Re: [DISCUSS] Naming and Functionality of Stream Operators and Tasks

Posted by Aljoscha Krettek <al...@apache.org>.
 My proposal for the runtime classes (per my Pull Request is this):

StreamTask: base of streaming tasks, the task is the AbstractInvokable
that runs in the TaskManager and invokes stream operators
OneInputStreamTask and TwoOnputStreamTask and SourceStreamTask are the
subclasses responsible for actual types of operations.

StreamOperator: interface for StreamOperators such as Map, Reduce and so on
OneInputOperator and TwoInputStreamOperator are the interface for
operators with one input and two inputs respectively.

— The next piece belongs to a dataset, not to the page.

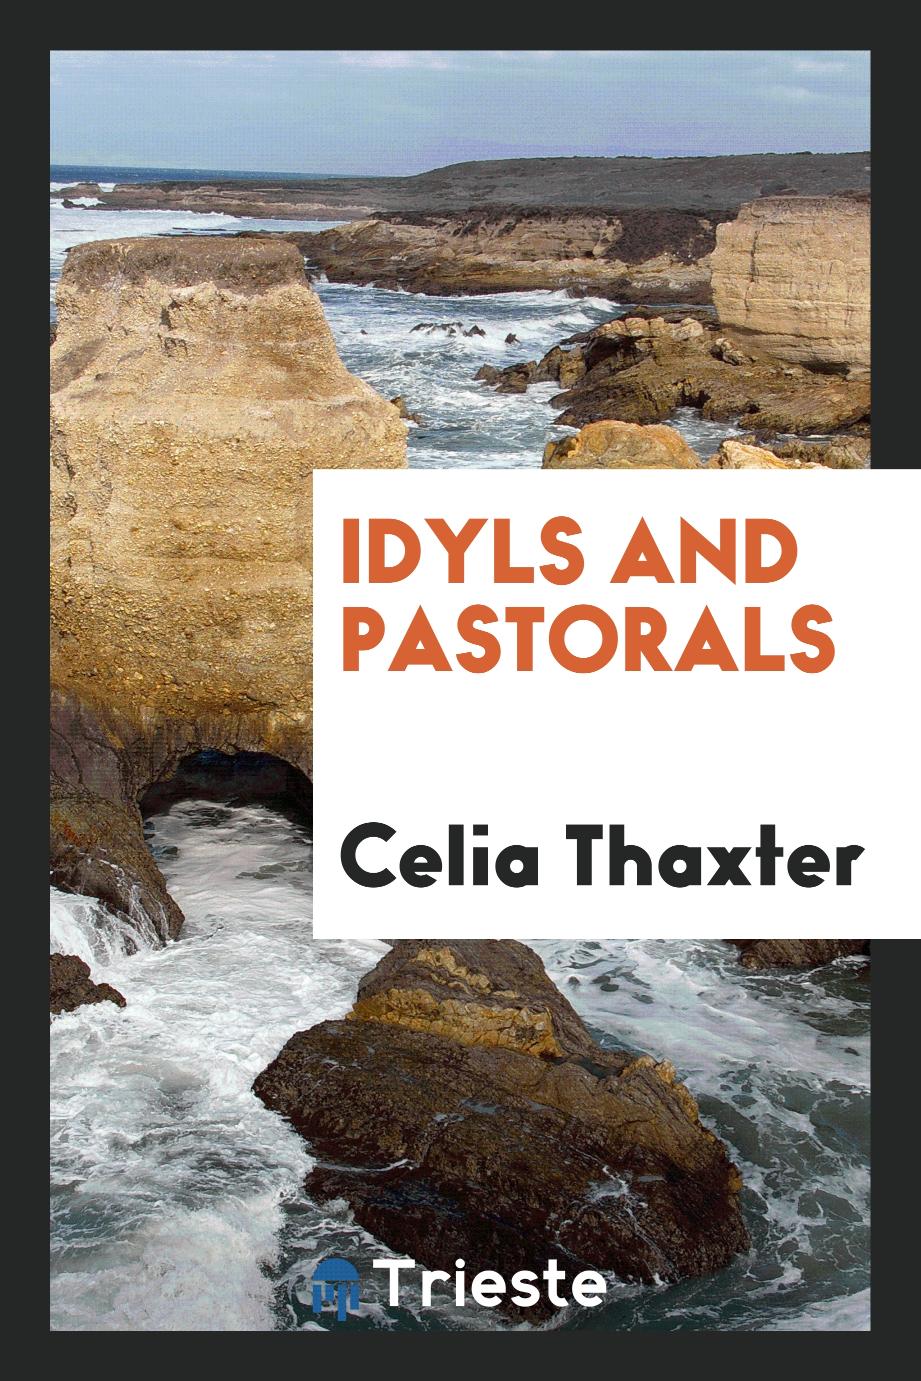 Idyls and pastorals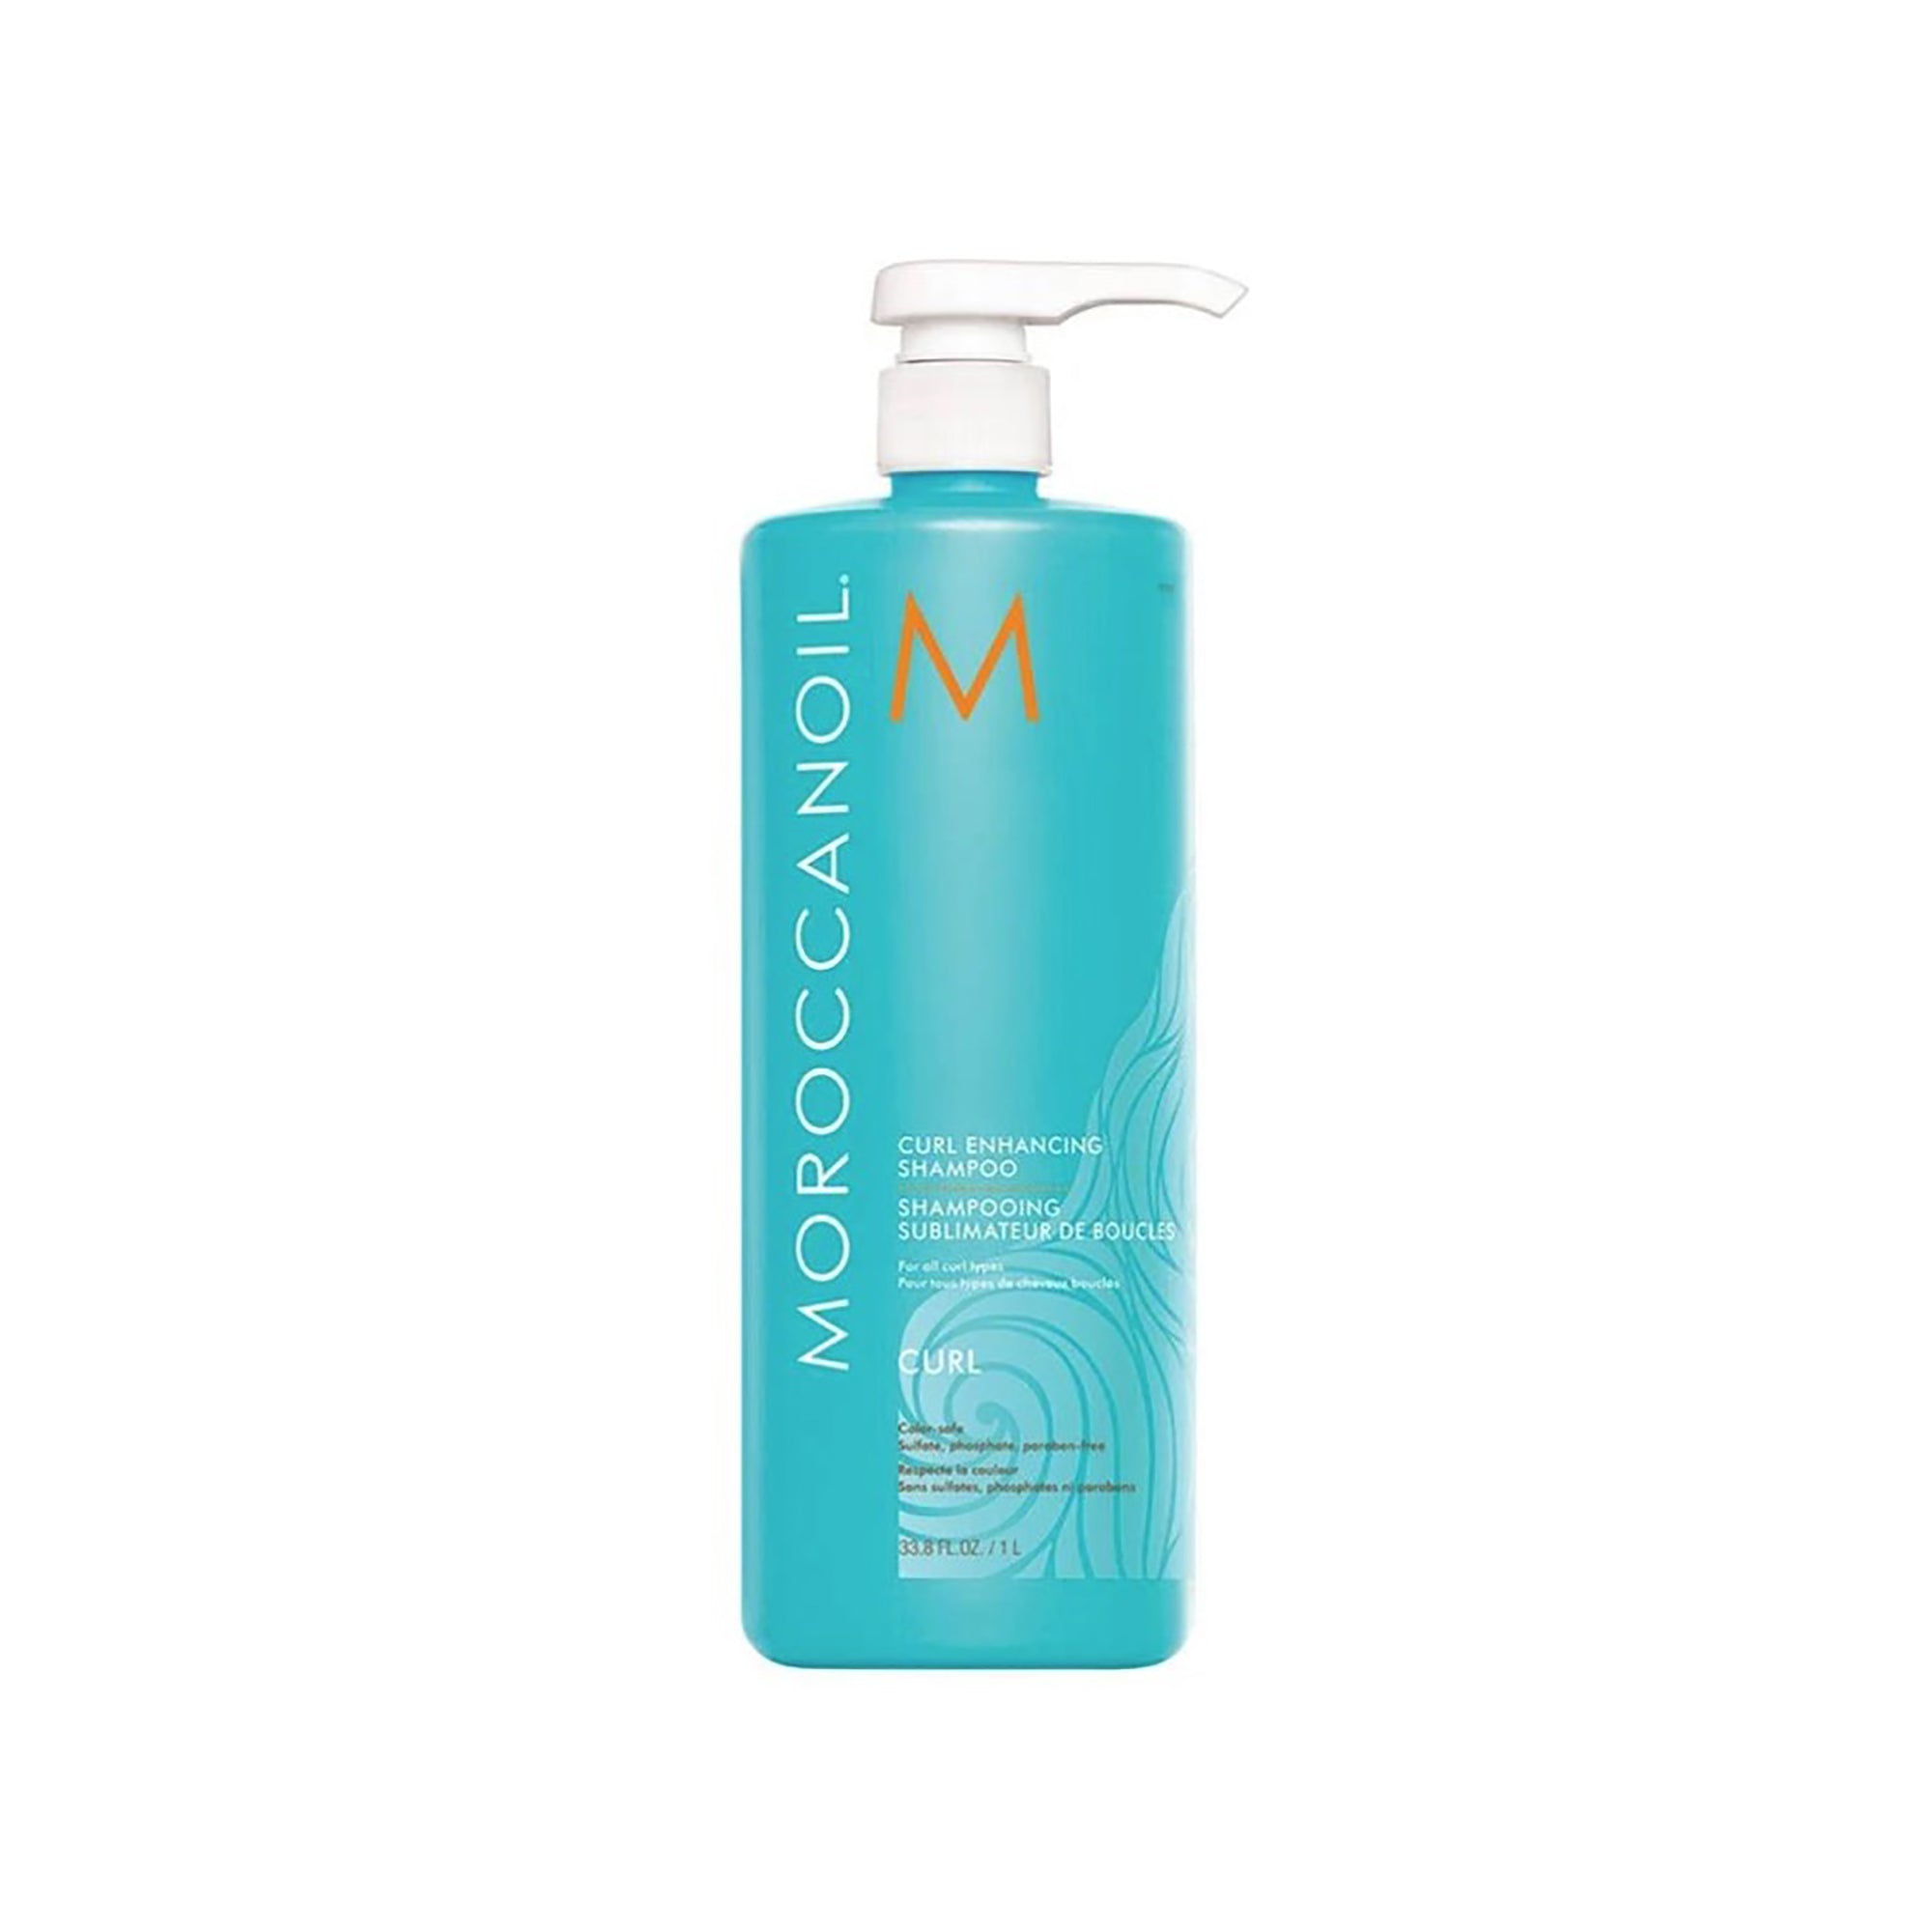 MoroccanOil Curl Enhancing Shampoo / 33OZ

There are also AbstractStreamOperator, which provides basic
implementations for methods such as setup()/open()/close() and
AbstractUdfStreamOperator, which is derived from
AbstractStreamOperator. This is for operators that have user-code, it
deals with calling the correct functions of RichUserFunctionS
(open()/close()/setRuntimeContext()).

I realised that we should probably not rename all the actual operators
and remove the Stream prefix and suffix, that would be to big a change
and orthogonal to my current PR. Other people can do it if they want.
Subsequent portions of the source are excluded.